Two parametrized paths can give the same drawing on M but with di↵erent speed and we will only consider equivalence classes of paths.
Definition 2.2. — Two parametrized paths on M are equivalent if they di↵er by an increasing bi-Lipschitz homeomorphism of [0, 1]. An equivalence class of parametrized paths is called a path and the set of paths on M is denoted by P(M). Actually, the notion of path does not depend on & since the distances defined by two di↵erent Riemannian metric are equivalent. Two parametrized paths pp1 and pp2 which represent the same path p share the same endpoints. It is thus possible to define the endpoints of p as the endpoints of any representative of p. If p is a path, by p (resp. p) we denote the starting point (resp. the arrival point) of p. From now on, we will not make any di↵erence between a path p and any parametrized path pp 2 p.
Definition 2.3. — A path is simple either if it is injective on [0, 1] or if it is injective on [0, 1[ and p = p.

### Measures on the set of multiplicative functions. —

2.2.1. Definitions. — Let P be a subset of P(M) and let L be a set of loops in P. Definition 2.11. — A function h from P to G is multiplicative if and only if:
– h(c−1) = h(c)−1 for any path c in P such that c−1 2 P,
– h(c1c2) = h(c2)h(c1) for any paths c1 and c2 in P which can be concatenated and such that c1c2 2 P. We denote by Mult(P,G) the set of multiplicative functions from P to G. A function from L to G is pre-multiplicative over P if and only if:
– it is multiplicative,
– for any l and l0 in L which are equivalent in P, we have: h(l) = h(l0).

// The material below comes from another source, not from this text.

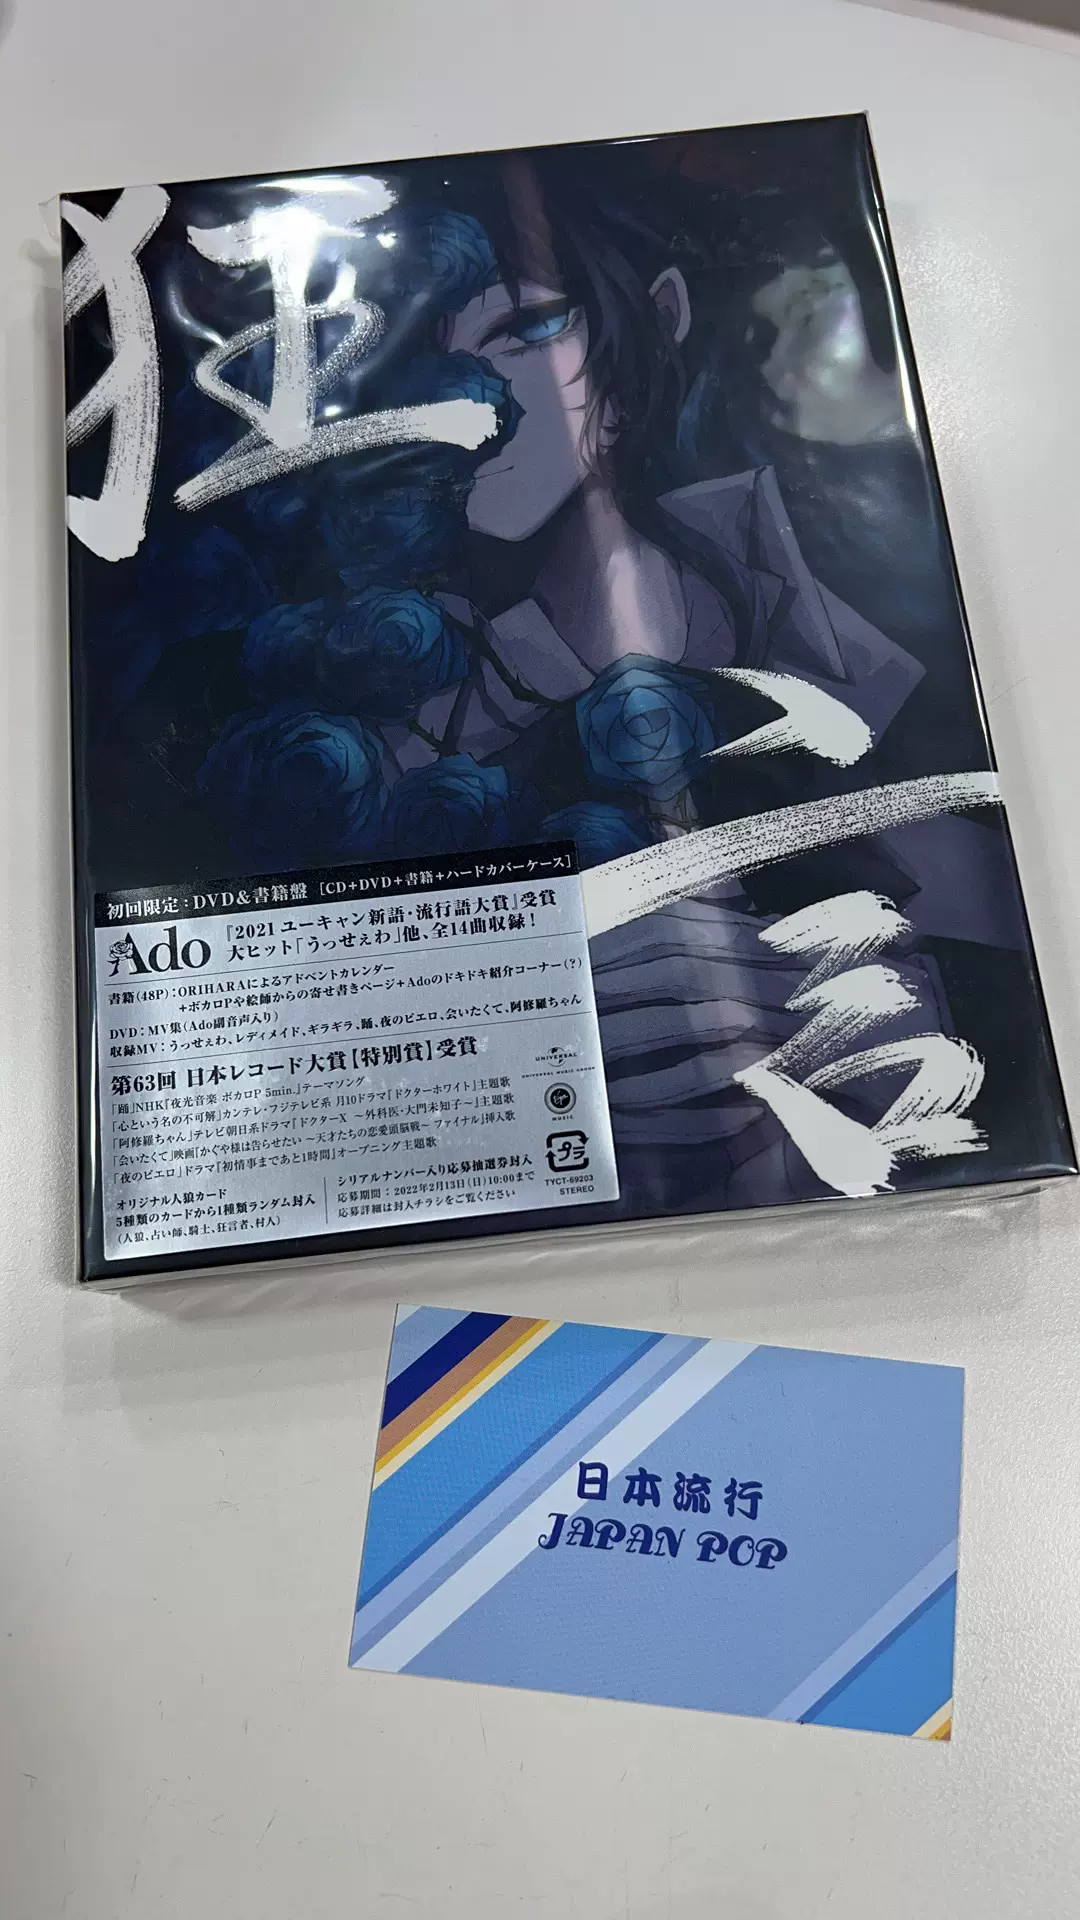 狂言Ado 狂言初回限定盘CD+DVD+设定集-Taobao

We denote by MultP (L,G) the set of pre-multiplicative functions over P. We will often make the following slight abuse of notation.

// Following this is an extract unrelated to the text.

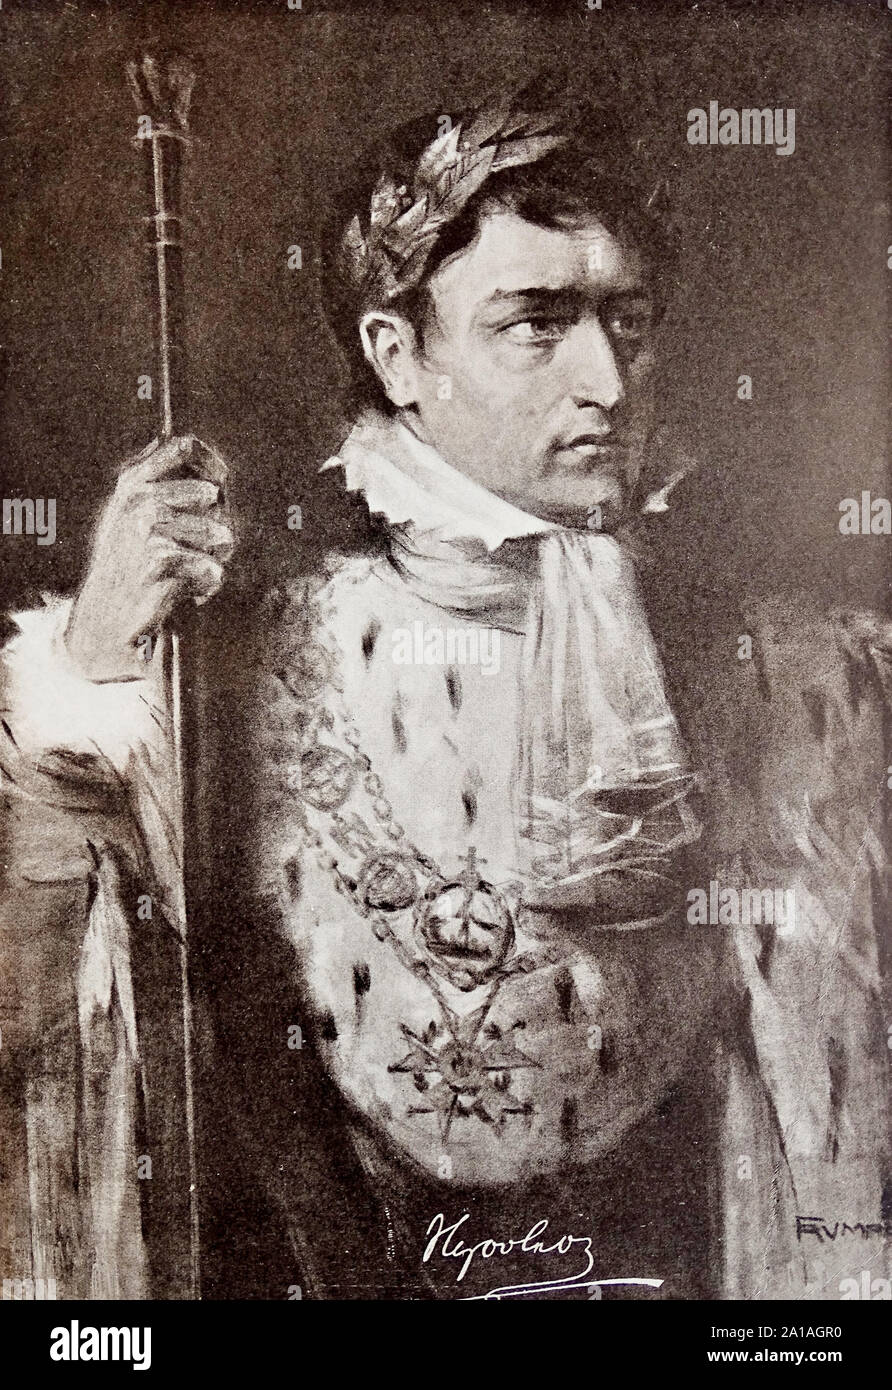 Porträt von Napoleon I Bonaparte. Gravur des 19. Jahrhunderts. Stockfoto

#### Planar Markovian holonomy fields

We have now all the notions in order to define continuous and discrete planar Markovian holonomy fields: these are families of random holonomy fields on subsets of P(R2) satisfying an area-preserving homeomorphism invariance and an independence property 4.1. Definitions. — First, we define the strong and weak notions of (continuous) planar Markovian holonomy fields. We will use the following notation: if l is a simple loop in R2, Int(l) will stand for the bounded connected component of R2 \ l.
Definition 4.1. — A G-valued strong (continuous) planar Markovian holonomy field is the data, for each measure of area vol on R2 of a gauge-invariant random holonomy field Evol on R2 of weight Evol( ) = 1, such that the three following axioms hold:
P1 : Let vol and vol0 be two measures of area on R2. Let : R2 ! R2 be a locally bi-Lipschitz homeomorphism which preserves the orientation and which sends vol on vol0 (i.e. vol0 = vol # −1). The mapping from Mult(P(R2),G) to itself induced by , denoted also by , satisfies: Evol0 # −1 = Evol.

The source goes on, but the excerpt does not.